# ask about "hostname" install at home, im newbie, tk



## h7t_2002 (Nov 23, 2012)

I read handbook, step "hostname" I don't know type??? I use FreeBSD at home, not server.


----------



## SirDice (Nov 23, 2012)

Just pick any name you like. It's mostly used to identify the machine, it doesn't matter if it's a server or not.

I name all my computers as characters or places from the Neuromancer book. Other people use Star Trek characters. Use whatever you like.

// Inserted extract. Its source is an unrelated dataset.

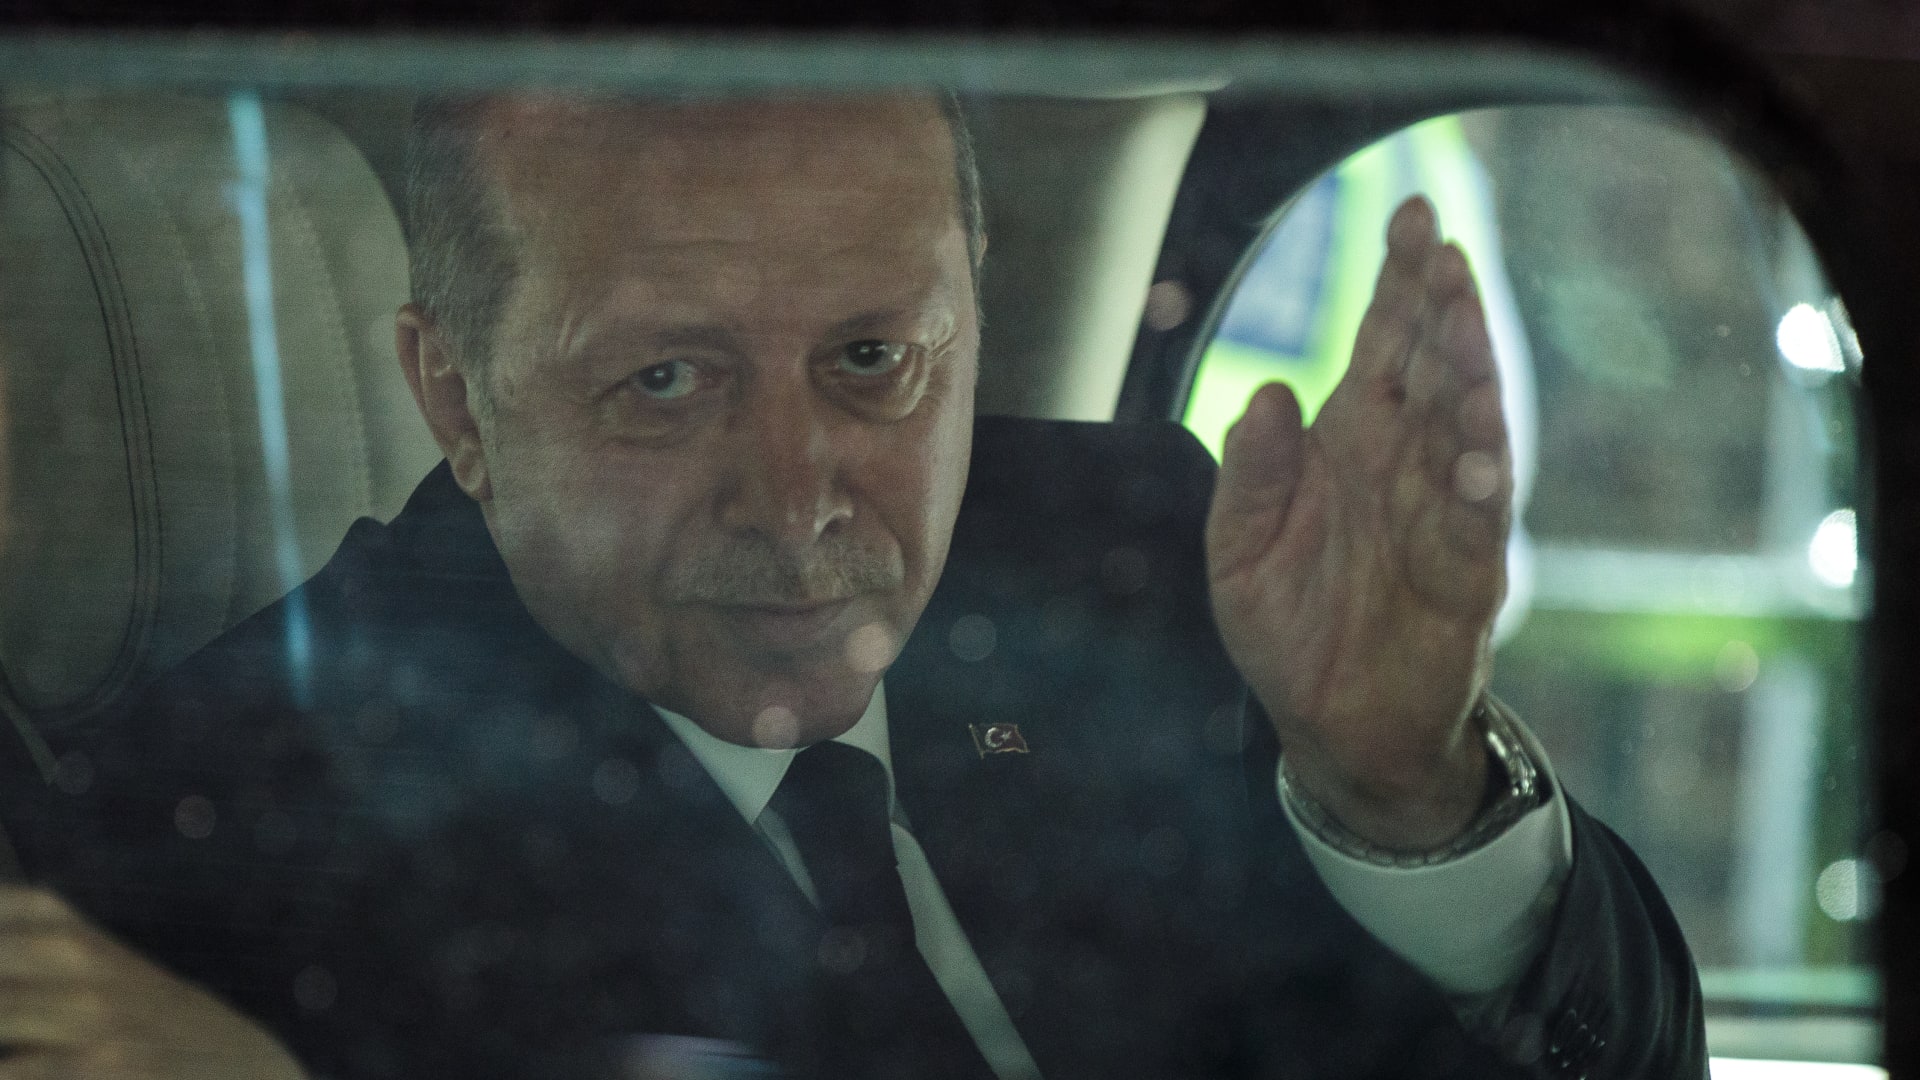 ما دوافع لقاء محمد بن زايد وأردوغان وما دوافع التغيير الذي تشهده المنطقة؟ فواز جرجس يوضح لـCNN

But, it can't have spaces and you can only use a-z, 0-9 and the hyphen (-).


----------



## h7t_2002 (Nov 23, 2012)

Ok, I am installing FreeBSD, spend 3 days, but not complete, always take error, I am installing, if you or anybody can help me, I very very thank, I'm vietnamese, so, I can't speak english fluently, sorry ... but I like FreeBSD !!
help me, my yahoo acc: H7T_2002


----------



## SirDice (Nov 23, 2012)

Post the error, the version of FreeBSD and some details about your computer and we may be able to help.

We're good but we're not clairvoyant.


----------



## GreenMeanie (Nov 24, 2012)

I always have to run a *NAME.local* or it hangs for awhile on boot.


----------



## kpa (Nov 24, 2012)

Do not use a domain .local, that will conflict the multicast DNS domain .local if you have devices or computers capable of using it.


----------



## UNIXgod (Nov 24, 2012)

h7t_2002 said:
			
		

> Ok, I am installing FreeBSD, spend 3 days, but not complete, always take error, I am installing, if you or anybody can help me, I very very thank, I'm vietnamese, so, I can't speak english fluently, sorry ... but I like FreeBSD !!
> help me, my yahoo acc: H7T_2002



It may help to talk with someone on irc as you work through installing FreeBSD. Point your irc client to irc.freenode.net in room ##freebsd

Alternatively you could install www/wgetpaste and post your errors from the command line here until you get X11 complete.


----------